- [DATA PROVIDED]
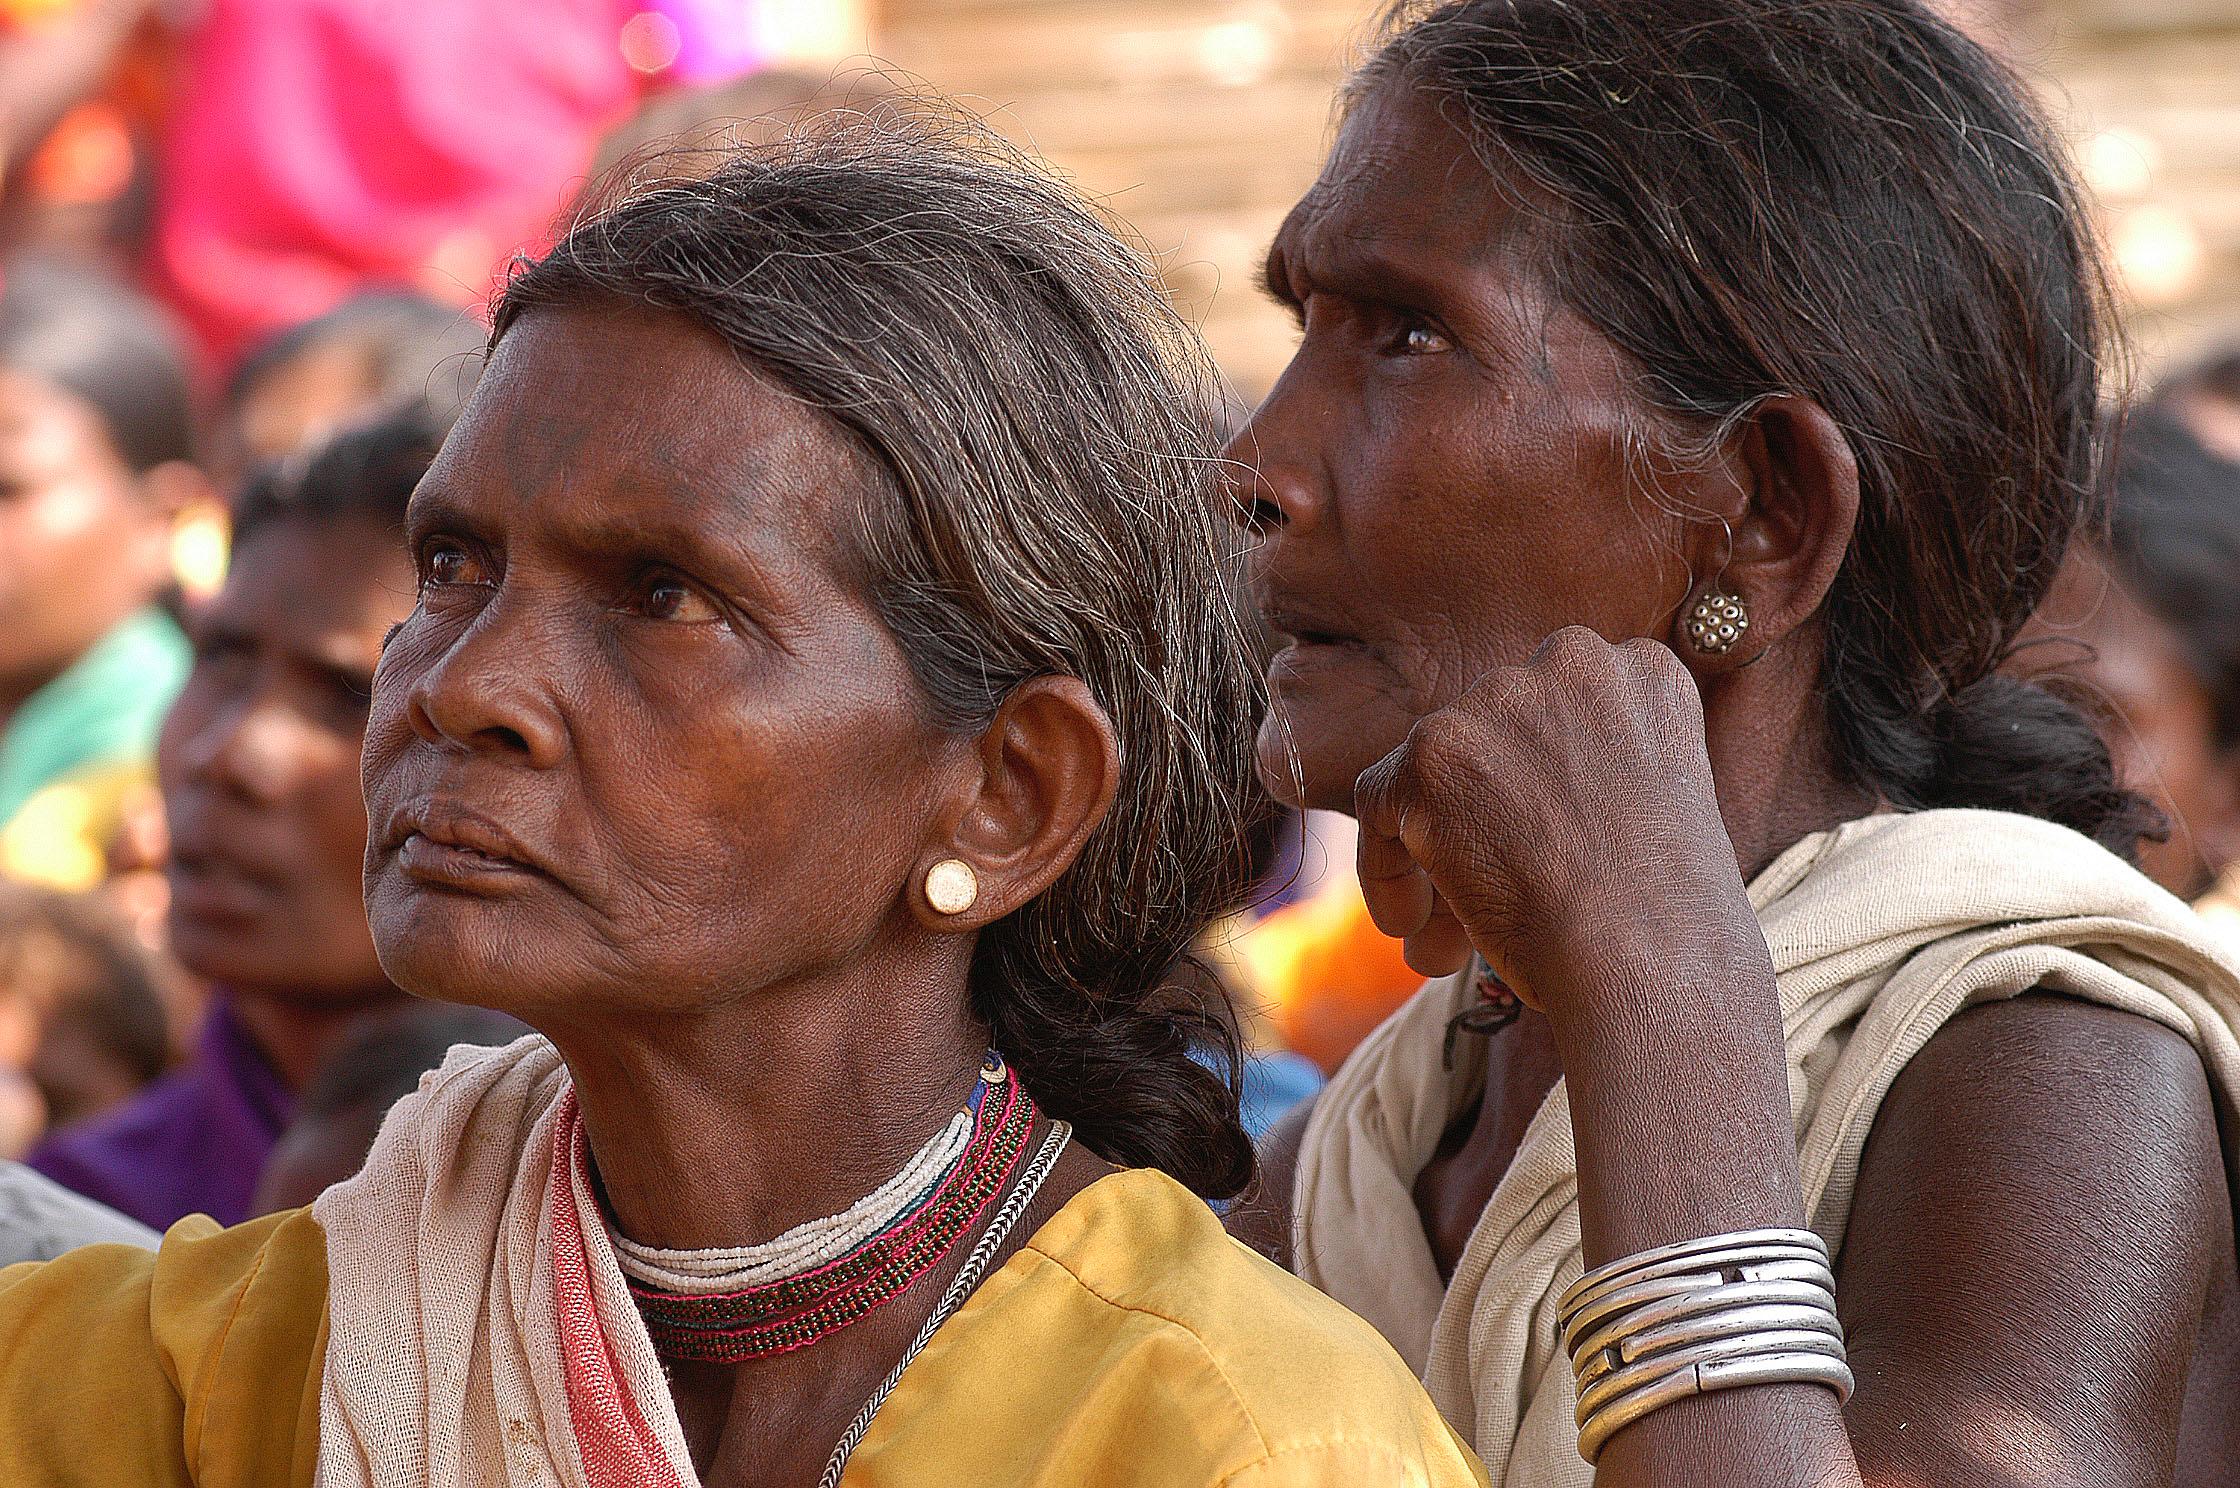 Marriage or Inheritance: The Strange choice before daughters of Uttar Pradesh, India
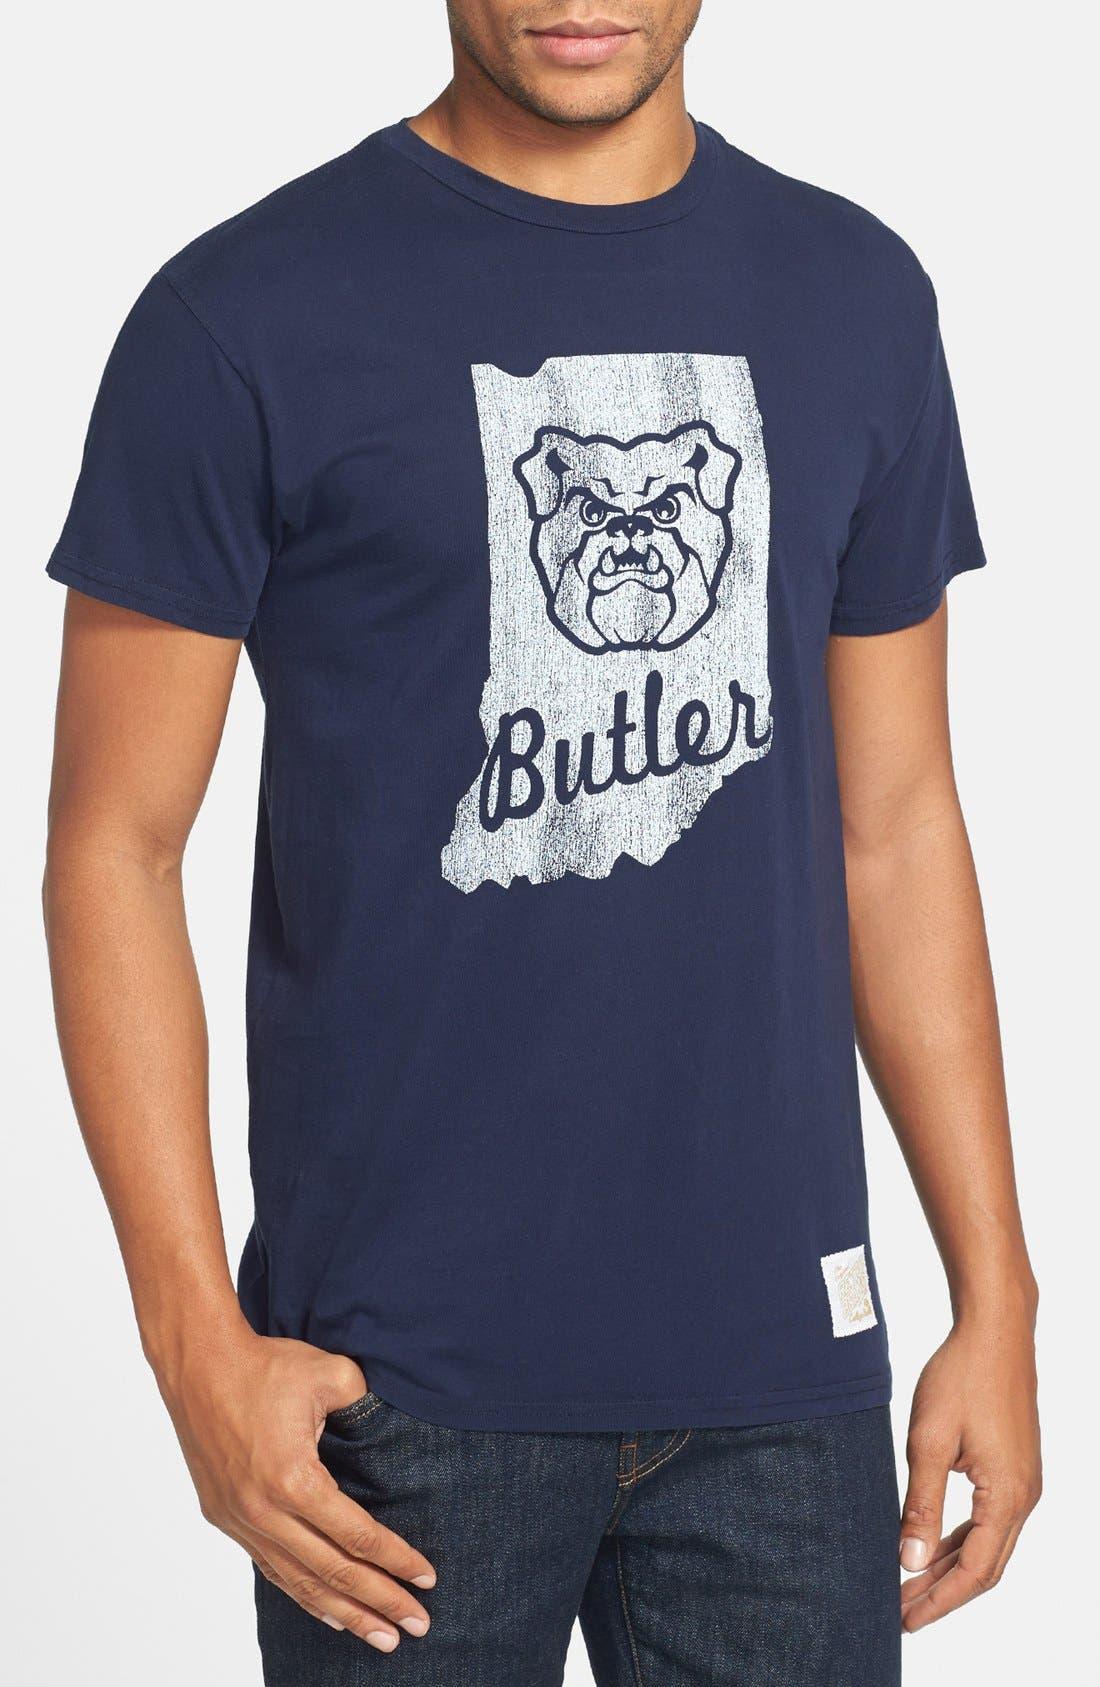 Main Image - Retro Brand 'Butler Bulldogs' Team T-Shirt
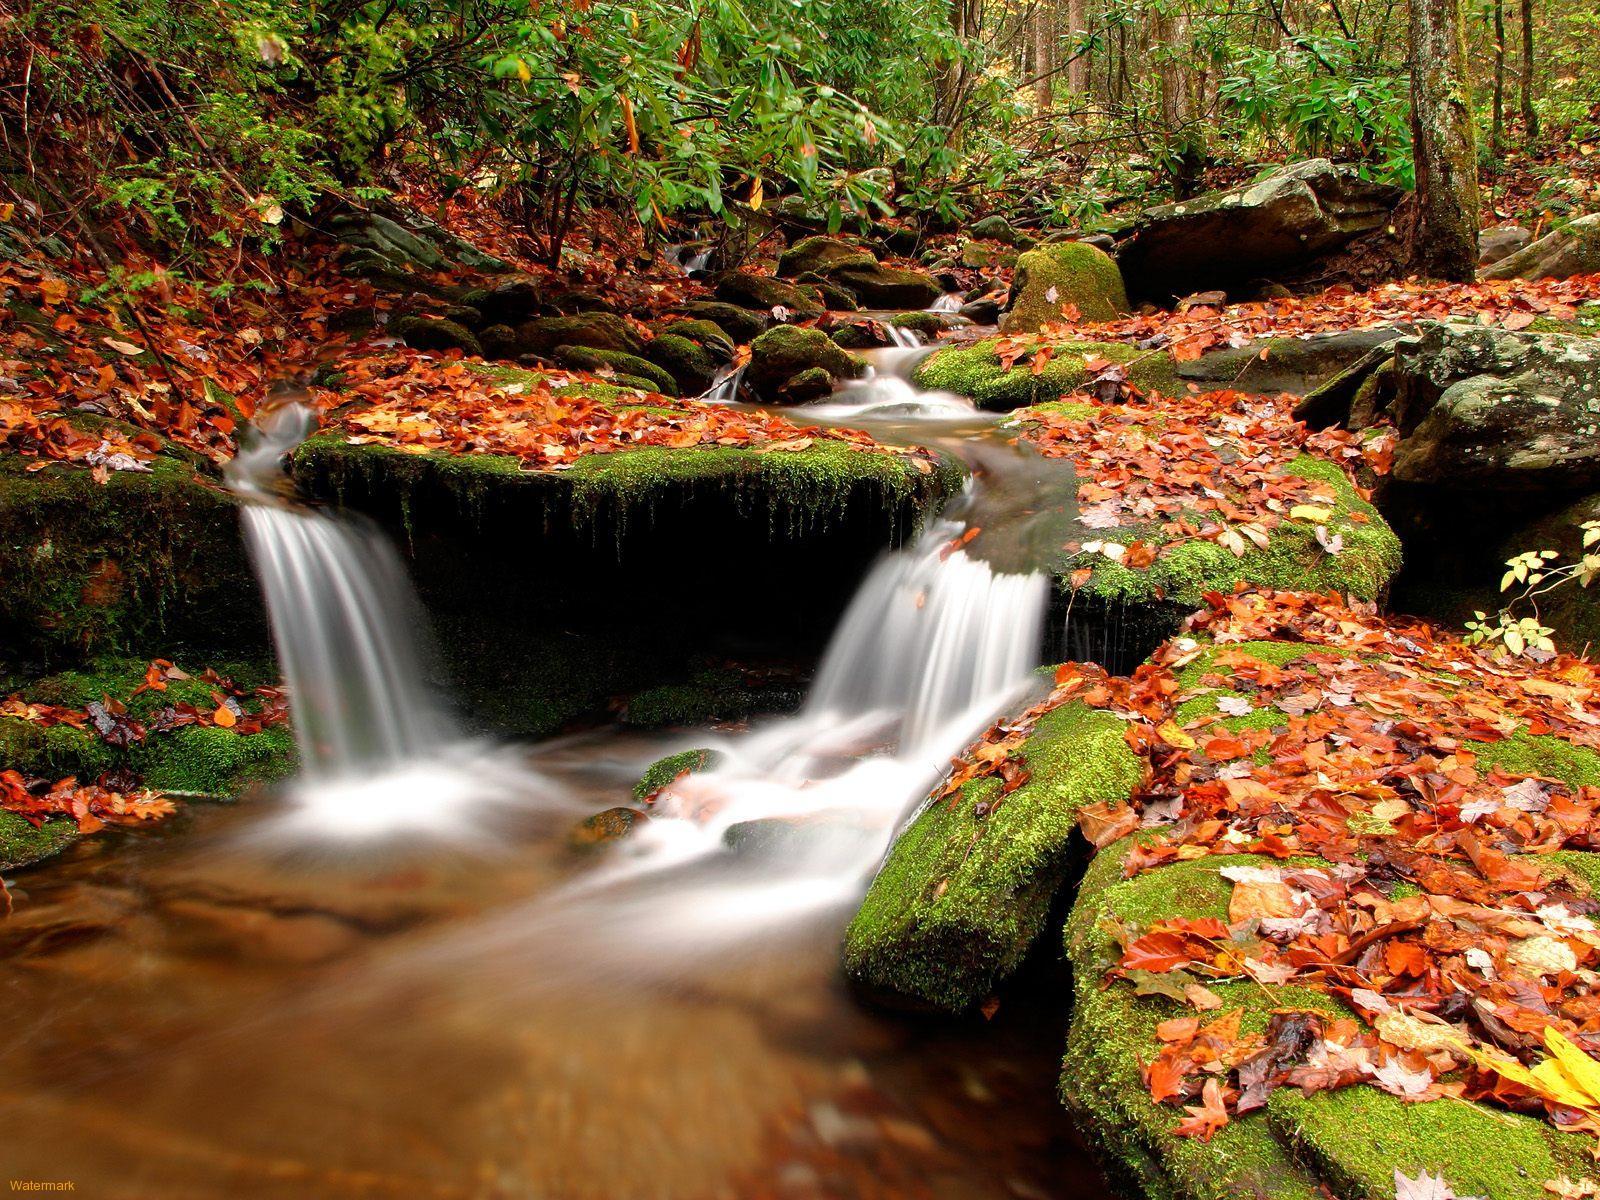 fall colors bass lake washington wisconsin united states 13078htm 1600x1200

- [THE TASK] From the first line to the last, write out the data above exactly. Omit the pictures.

- [ANSWER]
 Marriage or Inheritance: The Strange choice before daughters of Uttar Pradesh, India
 Main Image - Retro Brand 'Butler Bulldogs' Team T-Shirt
 fall colors bass lake washington wisconsin united states 13078htm 1600x1200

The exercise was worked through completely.